§ What you are asked to do
Exclude the pictures and transcribe the rest of the data below exactly.

§ Data provided
· · ·
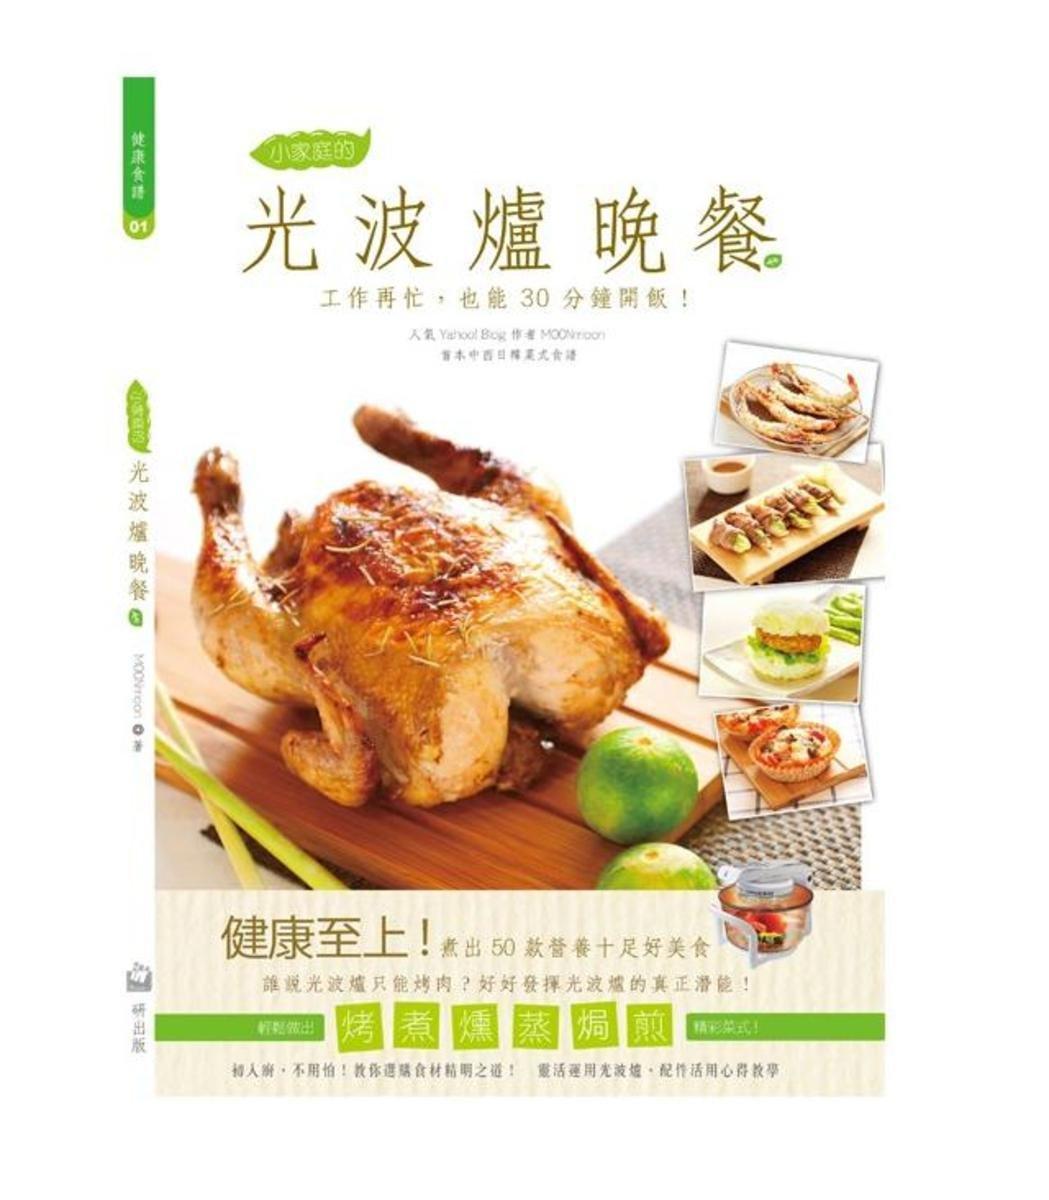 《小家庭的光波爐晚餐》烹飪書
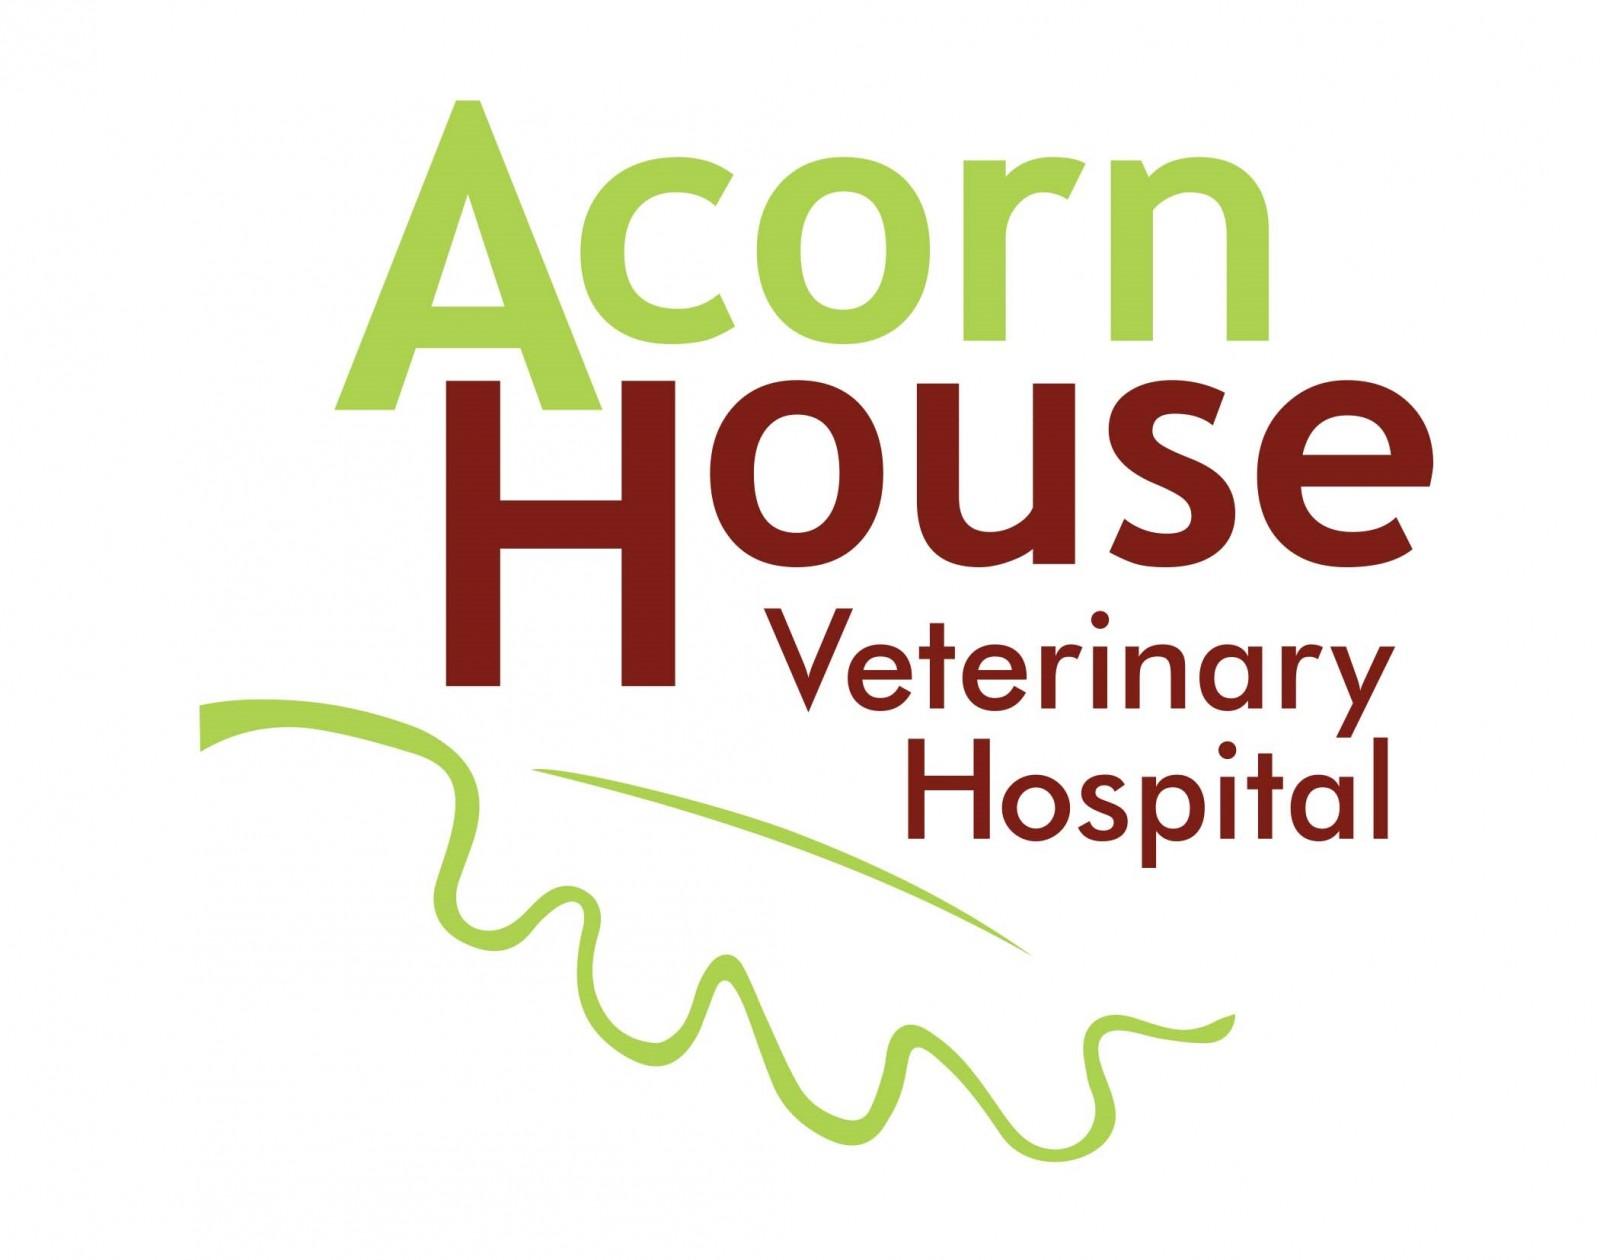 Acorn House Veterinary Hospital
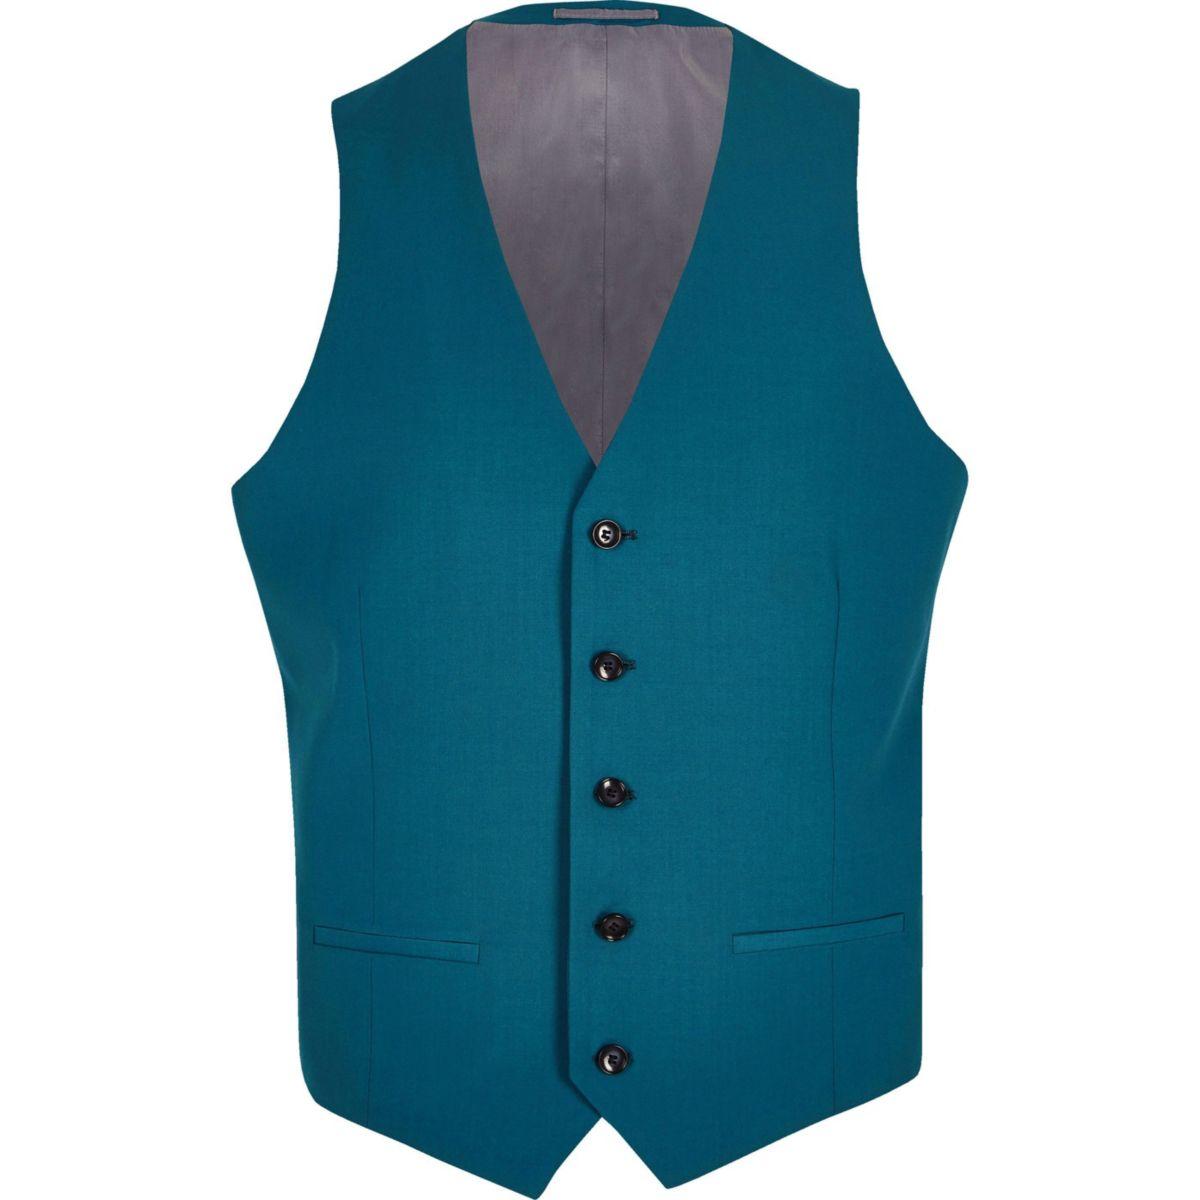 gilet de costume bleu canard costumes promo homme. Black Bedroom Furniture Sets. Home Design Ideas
· · ·
§ Solution for this problem
 《小家庭的光波爐晚餐》烹飪書
 Acorn House Veterinary Hospital
 gilet de costume bleu canard costumes promo homme. Black Bedroom Furniture Sets. Home Design Ideas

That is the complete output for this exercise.